The cosmological constant was a fudge factor introduced by Einstein in an attempt to create a static Universe. Does this prove that the Universe is static?
No - as I understand it, it means accelleration, with more rapid acccelleration over time, as objects get further apart. Truely anti gravity.
It was an artificial mathematical quantity. Invented by Einstein to stabilize his world view. It made the equations work.
Yeah, right.
News Release Number: STScI-2006-52
Hubble Finds Evidence for Dark Energy in the Young Universe
http://hubblesite.org/newscenter/archive/releases/2006/52/
Whatever it is it is "dark" only to us, because we don't have the means to "see" it (to detect it) because we don't know exactly what it is. I think "dark" is an unfortunate label for it.
Background information useful for exploring this news release:
http://hubblesite.org/newscenter/archive/releases/2006/52/astrofile/
What Are HST's New Results on Dark Energy Telling Us?
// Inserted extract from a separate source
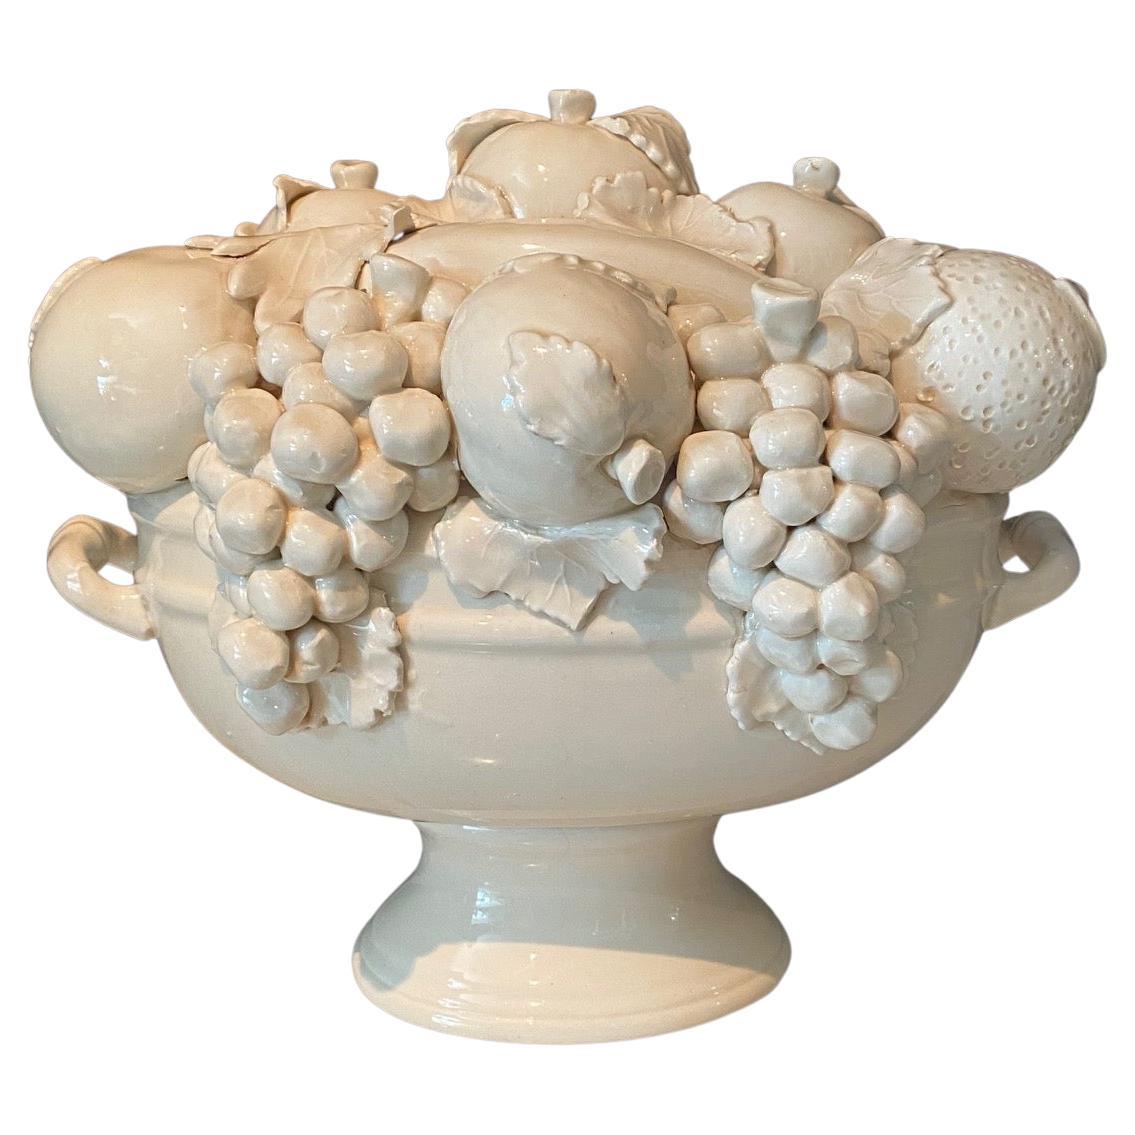 Grand centre de table italien ancien en porcelaine blanche en forme de corne d'abondance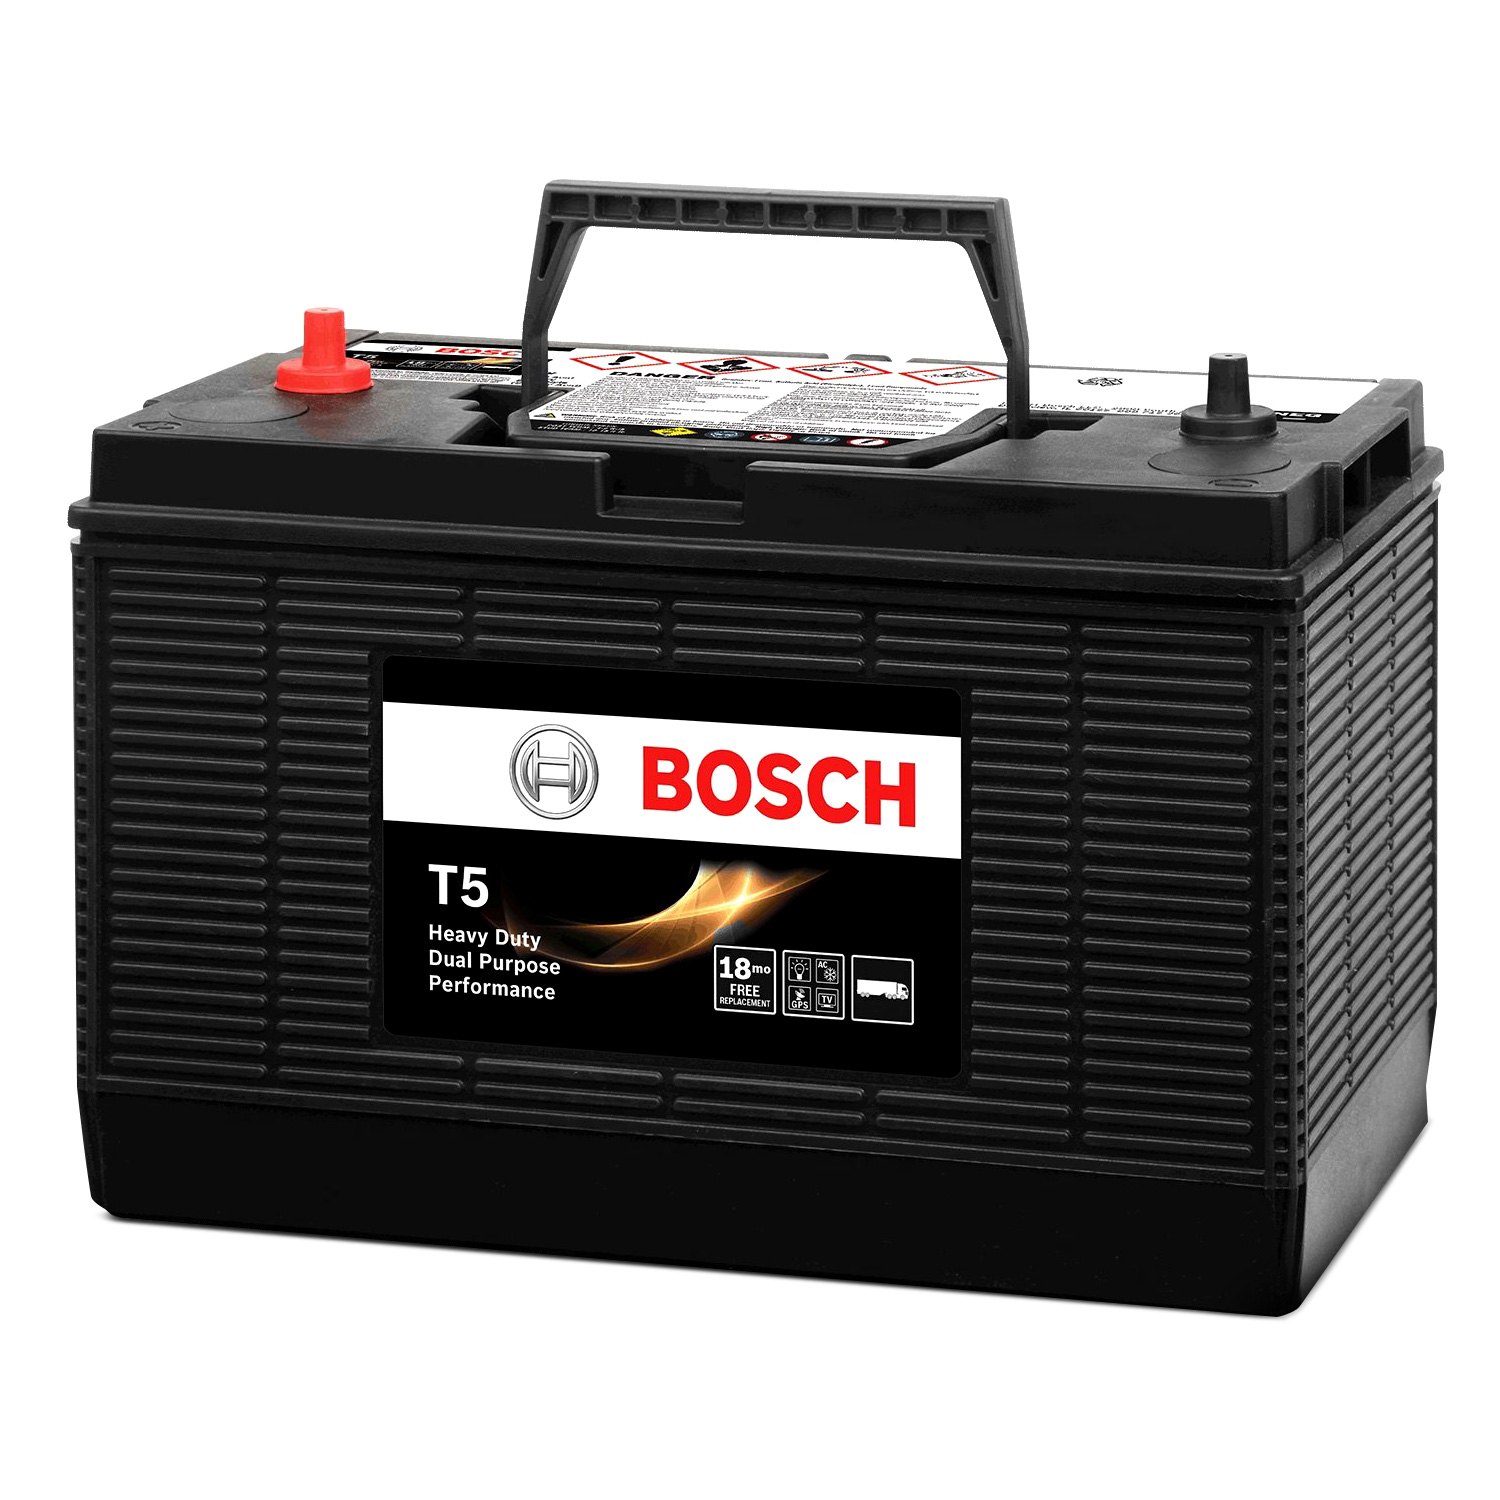 New battery. Аккумулятор Bosch t5 080. Аккумулятор VRLA автомобильный. Bosch t3 072. Аккумулятор автомобильный на прозрачном фоне.

1. Astronomers have greatly improved the accuracy in the measurements of the acceleration in the cosmic expansion. In 1998, astronomers discovered that the expansion of our universe is speeding up, propelled by the repulsive force of "dark energy." The nature of this dark energy remains a mystery.
2. Astronomers have strengthened the evidence that the early universe was decelerating, but that it gave way to acceleration by around 4 to 5 billion years ago.
3. Astronomers have obtained the first meaningful measurement of the strength of dark energy in the distant past. It appears to have roughly the same strength that it does today, with a value consistent with Einstein's cosmological constant but does not prove Einstein was right. Astronomers are trying in particular to determine how much pressure this dark energy exerts for a given energy density, and if the relation between pressure and density remains constant or changes with time.
4. The "pressure" exerted by dark energy far back in time was negative, as it remains today, resulting in a repulsive gravitational force.
5. The new results rule out any rapid changes of in the "strength" of the dark energy's pressure, and in so doing, they rule out certain models for the dark energy. By observing a larger sample of supernovae, the researches have been able to place tighter constraints both on this "strength" of the dark energy and on its constancy. One possibility is that the dark energy represents the energy of empty space (the physical vacuum). The physical vacuum has a peculiar property that its pressure is negative, resulting in a repulsive force of gravity. Other models for the nature of dark energy involve fields (a bit like the electromagnetic field) that decay with time.
6. There is strong evidence that the Supernovae Type Ia, the "standard candles" used to measure the rate of cosmic expansion, have not changed over the past 10 billions years, i.e., supernova evolution is not fooling astronomers into drawing false conclusions about dark energy. The new results yield the tightest constraints to date on both the "strength" of the dark energy pressure and on its constancy. The results are consistent with Einstein's cosmological constant. This means that at least some models that involve varying fields can be ruled out.
Hmmm.... the "Cosmological 'Constant'" is not so 'constant' after all. 'Fudging' with equations to satisfy the data on the false premise of a static universe yields an expanding universe in observational fact, as we now understand. If the universe were to be slightly less homogenous than presently perceived, could the "Big Bang" itself be a more local universe phenomenon in a greater whole?
Further, because Einstein was trying to account for a static universe, his "dark energy" equation could not possibly be the explanation for this phenomenon.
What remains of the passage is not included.